Hi, I'm Deborah and I'm addicted to food. My addiction has led me to obesity. I was an overweight newborn and an overweight child, and I'm an overweight adult. Sure my upbringing played a role, but I can't place the lion share of the blame on my family. I know that I overeat, I know that I shouldn't eat the things I do. I could probably write a terrible book on nutrition. I've starved on all the diets, choked down all the pills. Yet here I am. 261lbs. Enough is enough!
I've started treatment at the Beaumont Weight Control Center in Michigan. I am strongly considering Gastric Bypass. I've already attended my first appoint. I have six months of mandatory treatment which I have no problem with. I need to take this time to prepare both physically in emotionally. I have so many plans and goals. I'll be using this blog to help me stay focused and motivated. This blog will discuss my personal feelings. Needless to say, idgaf if something offends (within the rules of the site of course), this is my "safe space". If you don't like to look to the upper left corner of your screen, there you will find the back button.

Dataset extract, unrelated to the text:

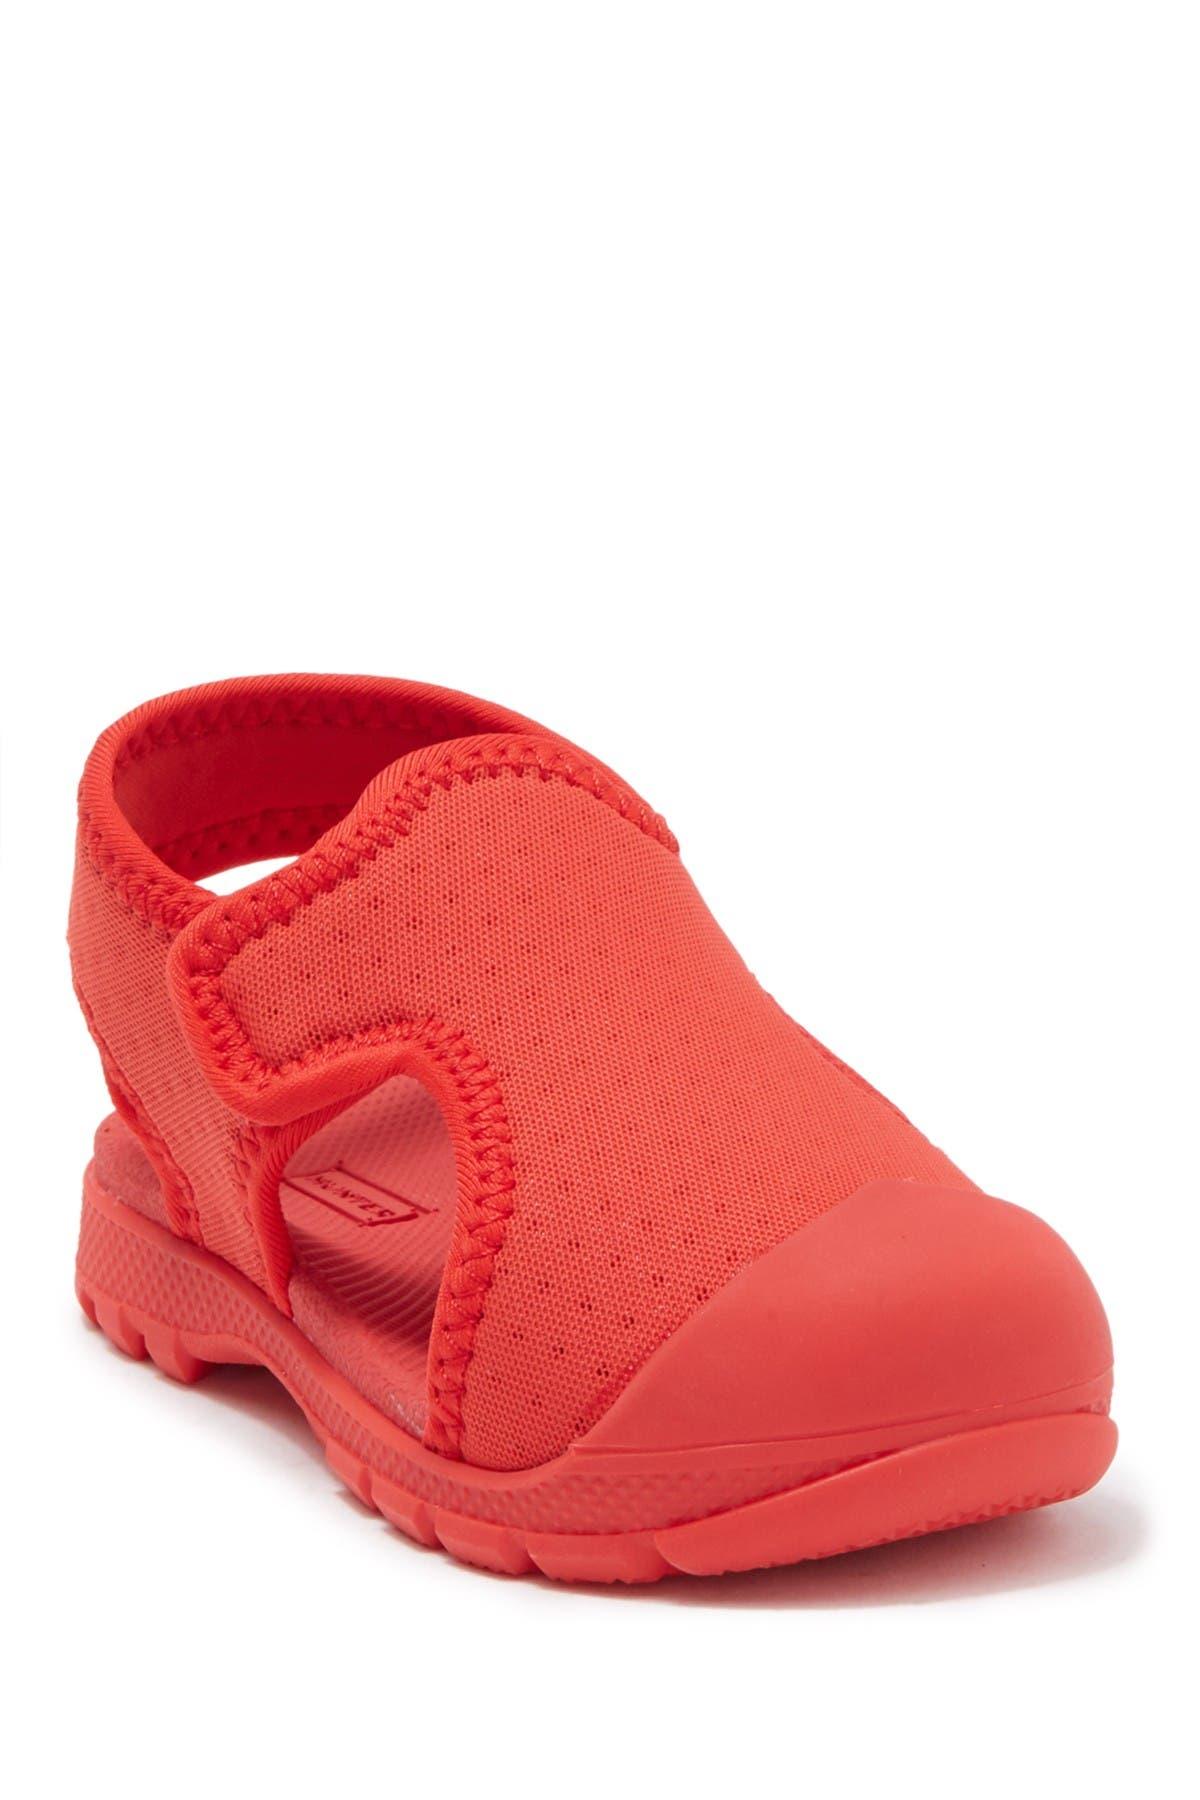 Image of Hunter Original Outdoor Walking Sandal

I'm writing from the perspective of a 27 yeard old Black women, born and raised in the city of Detroit. I'm not the most articulate, or the highest educated, but I love to learn and to grow. I am however done growing sideways *smile*. Right now I'm spending my time reading this site. I have a PCP visit coming up, and my psych eval, NUT and exercise ed visit next week.
When I post again I'm going to outline my health goals both short and long term. I'll also talk about how those visits went. Until then I'll hop around the forums, and start planning my heal vision board. More on that later.